Pneumococcal strains were “shaved” for surface protein identification, as already described [20,21,30], but with some modifications. Briefly, 10 mL of each strain were grown in the corresponding media (THB, THBB, DMEM, MCM, or ECM) to an OD600 = 0.3, which corresponds to approximately 108 bacterial cells/mL. When growth did not reach the OD, the cultures were diluted to the lowest OD value for each individual strain. In the case of bacteria in contact with eukaryotic cells, the bacterial cells were resuspended in a volume of DMEM yielding the lowest OD for each individual strain. Under the growth conditions tested, equal volumes of each strain were further processed in order to normalize the number of bacterial cells. Afterward, the bacteria were pelleted by centrifugation at 3500 × g for 10 min. Bacterial pellets were washed twice with PBS, resuspended in 1 mL of PBS containing 30% sucrose (pH 7.4), and digested with 5 µg trypsin (Promega, Madison, WI) for 30 min at 37 °C. The resulting digestion mixtures were redigested with 2 µg trypsin overnight at 37 °C. Samples were cleaned using Oasis HLB extraction cartridges (Waters, Milford, MA, USA) as described [48].

4.3. LC-MS/MS Analysis

All analyses were performed with a Surveyor HPLC System in tandem with an LTQ-Orbitrap mass spectrometer (Thermo Fisher Scientific, San Jose, CA, USA) equipped with a nanoelectrospray ionization interface (nESI). The separation column was 150 mm × 0.150 mm ProteoPep2 C18 (New Objective, MA, USA) at a post-split flow rate of 1 μL/min. For trapping of the digest, a 5 mm × 0.3 mm precolumn Zorbax 300 SB-C18 (Agilent Technologies, Germany) was used. One-fourth of the total sample volume, i.e., 5 μL, was trapped at a flow rate of 10 μL/min for 10 min and 5% acetonitrile/0.1% formic acid. Afterward, the trapping column was switched online with the separation column, and the gradient was started. Peptides were eluted with a 60 min gradient of 5–40% of acetonitrile/0.1% formic acid solution at a 250 nL/min flow rate. All separations were performed using a gradient of 5–40% solvent B for 60 min. MS data (Full Scan) were acquired in the positive ion mode over the 400–1500 m/z range. MS/MS data were acquired in a dependent scan mode, selecting automatically the five most intense ions for fragmentation, with dynamic exclusion set to on. In all cases, a nESI spray voltage of 1.9 kV was used.

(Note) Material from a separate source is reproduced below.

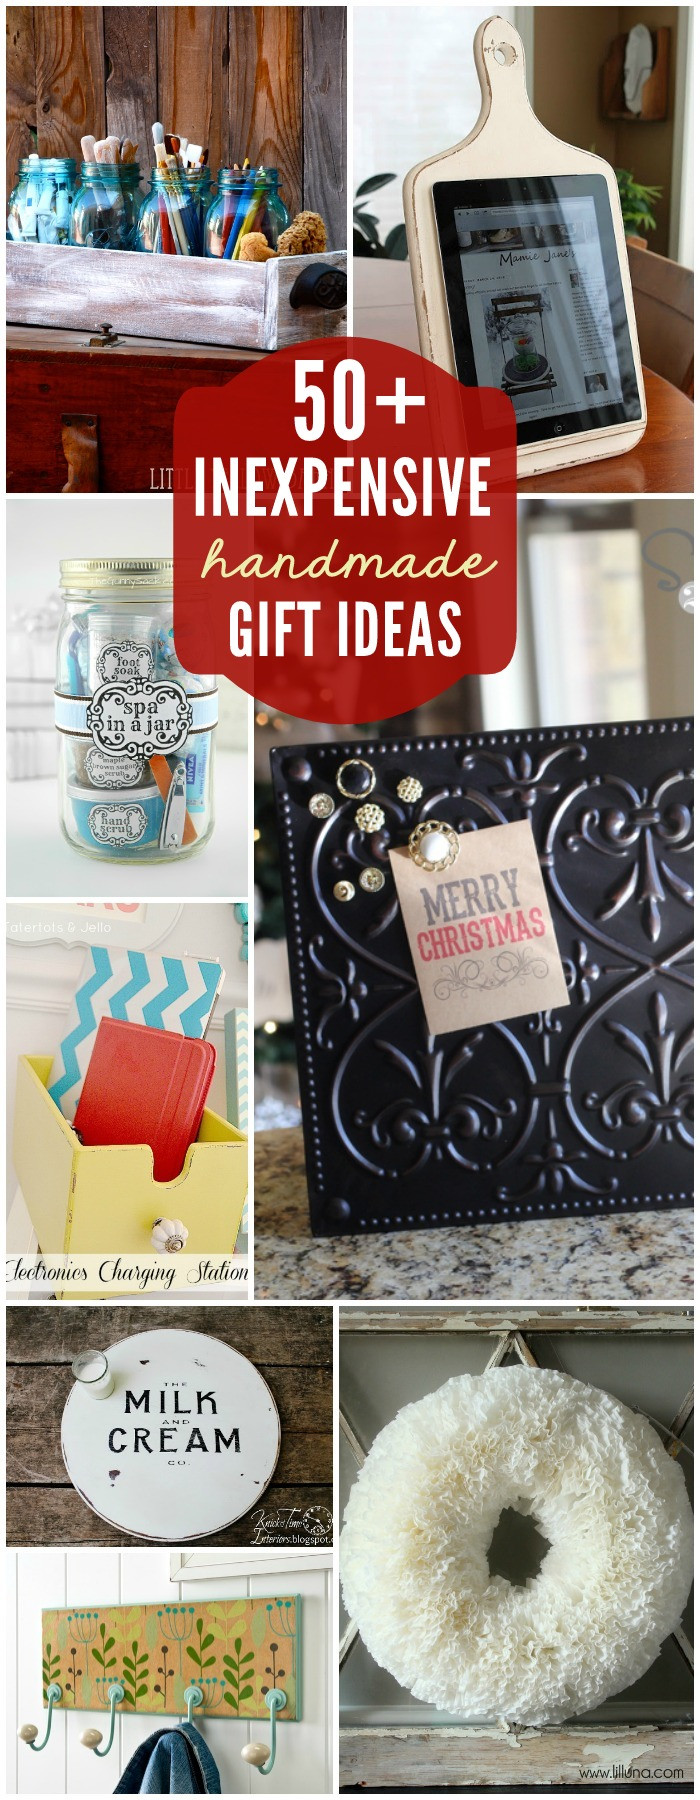 Best ideas about Homemade Birthday Gift Ideas
. Save or Pin Inexpensive Birthday Gift Ideas Now.

4.4. Protein Identification by Database Searching

Tandem mass spectra were extracted using Proteome Discoverer 1.0 (Thermo Fisher Scientific). All MS/MS samples were analyzed using Sequest (Thermo Fisher Scientific, version v.27), applying the following search parameters: peptide tolerance, 10 ppm; tolerance for fragment ions, 0.8 Da; b- and y-ion series; oxidation of methionine and deamidation of asparagine and glutamine were considered as variable modifications; maximum trypsin missed cleavage sites, 3. The raw data were searched against an in-house joint database containing the protein sequences from all the sequenced and annotated S. pneumoniae strains available at the NCBI ftp site. Peptide identifications were accepted if they exceeded the filter parameter Xcorr score vs. charge state with SequestNode Probability Score (+1 = 1.5, +2 = 2.0, +3 = 2.25, +4 = 2.5). With these search and filter parameters, no false-positive hits were obtained. For proteins identified from only one peptide, fragmentations were checked manually. Strain R6 was used as a reference for providing the accession numbers of the identified proteins; whenever a protein belonging to another strain was found, homology with a corresponding protein of strain R6 was given by using protein-BLAST. If homology with R6 proteins was not observed, then the protein accession numbers of the other strains were used. Primary predictions of subcellular localization were assigned by using the LocateP web-based algorithm [49].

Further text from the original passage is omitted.